Brain tubesets are a mix of Cyclex (cro-moly alloyed with vanadium)and Columbus generic cro-moly, while SLX is all Cyclex. tensile strength for both is the same.


----------



## Nessism (Feb 6, 2004)

rufus said:


> not a whole lot of difference. if we're talking Brain oversized, it'll have butted sections about .1mm thinner than SLX, and I'm assuming, SL. but the weight of the tubesets ends up about the same because that little bit thinner section isn't enough to offset the weight of the larger diameter tubes, as compared to SL or SLX.
> 
> Brain tubesets are a mix of Cyclex (cro-moly alloyed with vanadium)and Columbus generic cro-moly, while SLX is all Cyclex. tensile strength for both is the same.


A Brain frame will be stiffer than SL/SLX because the tubes are larger in diameter and the thickness is only slighter thinner.
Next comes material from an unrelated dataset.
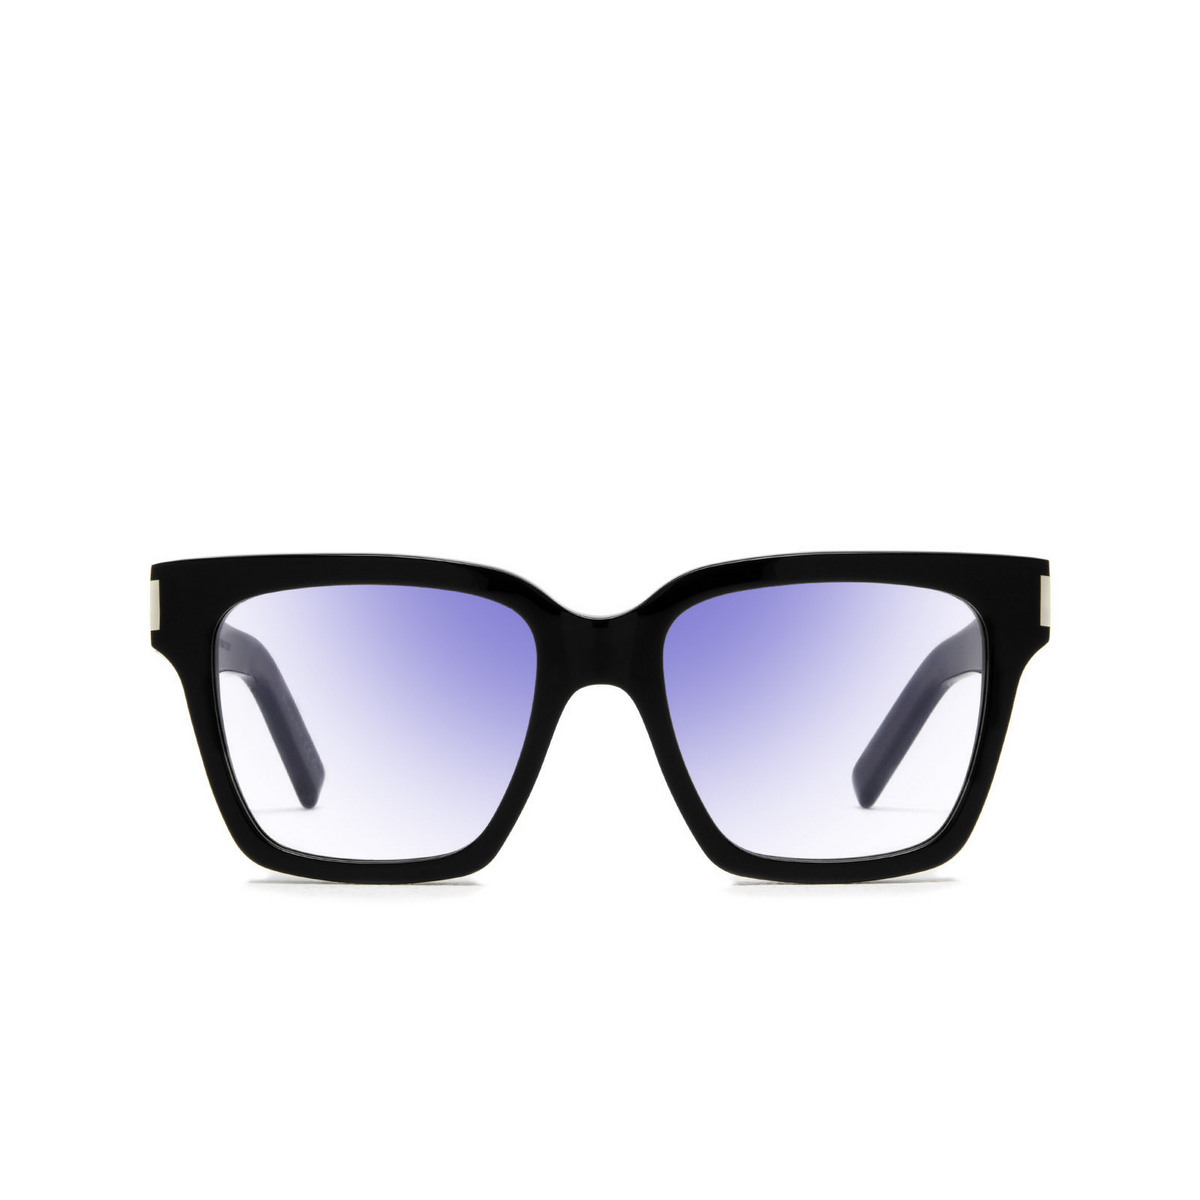 Saint Laurent® Square Sunglasses: SL 507 color Black 009 - front view.

Whether stiffer is better is another matter.


----------



## cmg (Oct 27, 2004)

in the last 2 weeks there have been several brain or SL framesets on eBay in the smaller sizes 53 or less. which tubeset would be stiffer? example torelli coutach, brain in 52 versus a Gios torino in 52 in SL.


----------



## Squeegy200 (Dec 1, 2005)

I have a Colnago Altain (Brain tubing) and my brother has a Colnago Spiral Conic (SLX) Both bikes are the same size, weight, and similarly equipped. These two bikes are about as identical as can be. I've ridden both framesets extensively on the same routes. Regarding climbing, descending, and long distance characteristics-- I cannot perceive any difference between the two materials.


----------



## rufus (Feb 3, 2004)

Nessism said:


> A Brain frame will be stiffer than SL/SLX because the tubes are larger in diameter and the thickness is only slighter thinner. Whether stiffer is better is another matter.


if it's Brain OS, possibly. but Brain came in regular tube dimensions also.


----------



## DaveG (Feb 4, 2004)

*steel*



jeebus said:


> I was looking at bike with Columbus Brain tubing. How does it compare to SL, SLX tubing in terms of weight, diameter, quality, etc?
> 
> Thanks!


The inherent stiffness of steel is the same whether its Brain, Genius or Foco. That assumes tubes of the same thickness and diameter. However, with steels of higher strength, you can use thinner walls. To componsate for loss of stiffness, these tubes are often larger in diameter. You can make an equally stiff frame from any steel but weight will be higher in the lower grades. I have three steel bikes. One with Brain (megatube shaped downtube), one with Zona (Torelli) also with a Megatube, and one with Genius (traditional round tubes). The Brain-tubed frame is the most compliant. It's also my favorite for long rides due to the comfort factor.


----------



## AlexCad5 (Jan 2, 2005)

Or you could buy a bike with modern tubing??? Just a thought.


----------